Hosu’s and Bica’s priorities
Elena Giorgiana Hosu, proposed for the office of deputy of the head of DIICOT, was heard yesterday too.During the hearings Hosu presented her main goals, including the creation of DIICOT’s own judiciary police, similar to the DNA’s. “The permanent goal consists of combating organized crime and terrorism, defending the rule of law, the citizens’ rights and freedoms, in conditions of credibility and fairness, while respecting the internal legislation and the European Convention on Human Rights, signed in Rome, as the primary international law instrument that defends the individual in the face of the state, and also while respecting the European Court’s jurisprudence,” Hosu wrote in her project.
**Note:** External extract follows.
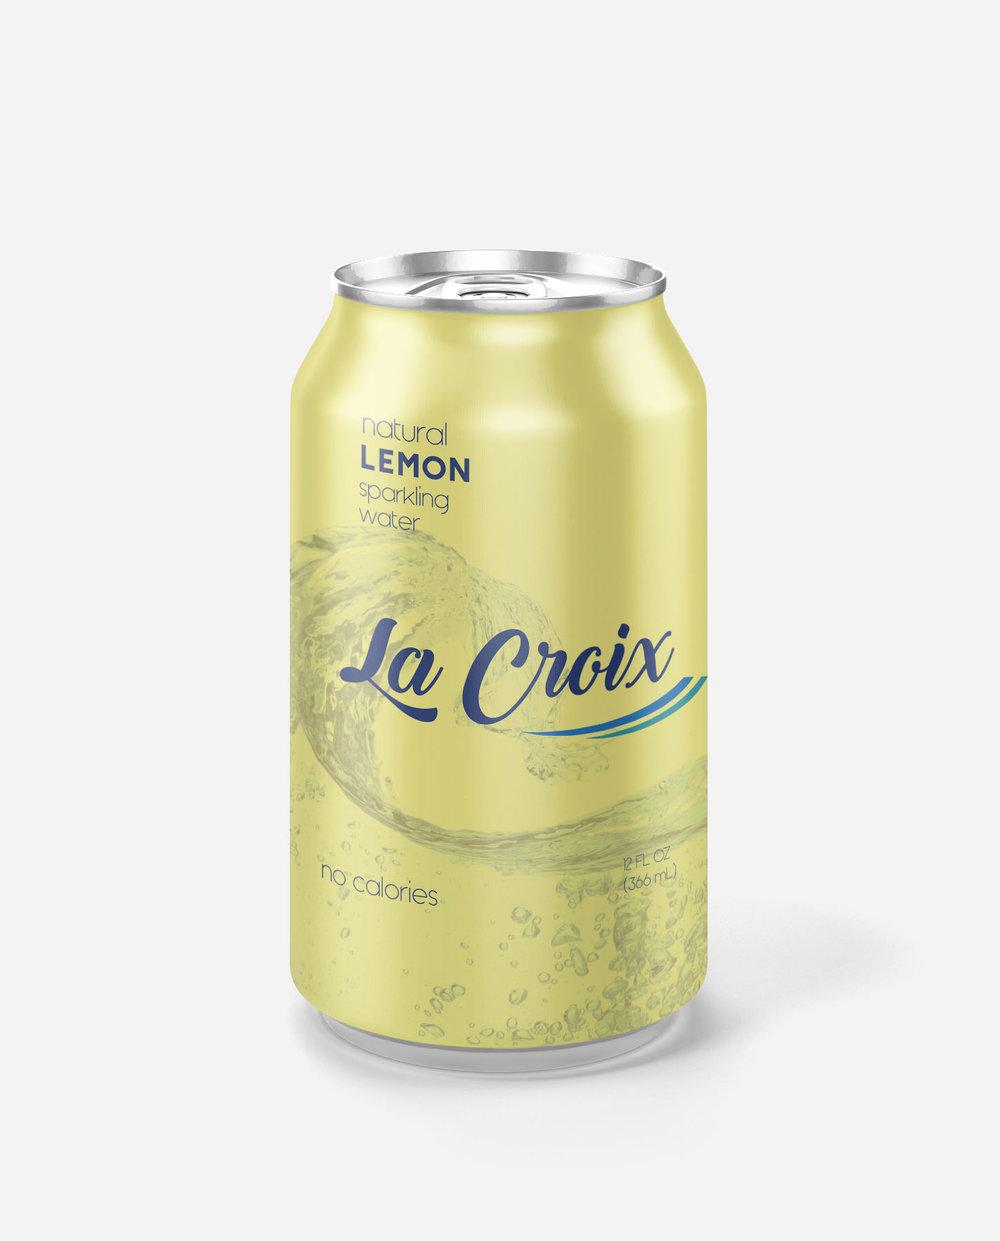 lacroix_lemon.jpg

Her strategic goals consist of consolidating the capacity of reaction to the criminal phenomenon, maintaining the prosecutors’ and auxiliary staff’s degree of professional and moral integrity, but also a unitary judiciary praxis and maintaining their professional value. Hosu has worked for 17 years as a prosecutor but also has managerial experience. Prior to this, the magistrate received from the CSM, for her activity in 2004, the “very good” grade the moment she was proposed as head of DIICOT’s Bureau of combating economic-financial macro-criminality. Prosecutor Alina Mihaela Bica, proposed as head of DIICOT, presented her priorities too, among them being the creation of an IT system that would avoid the situation of having persons prosecuted for the same crimes by several structures of the Public Ministry. She pointed out that controls will be conducted in order to notice “aspects concerning the accomplishment of a transparent criminal prosecution act that respects the highest professional exigencies and the celerity principle.” Also in order to render the activity of DIICOT branches efficient, Bica proposes analyzing the cases “in relation to their age and complexity, in order to avoid the danger of reaching the prescription deadline.”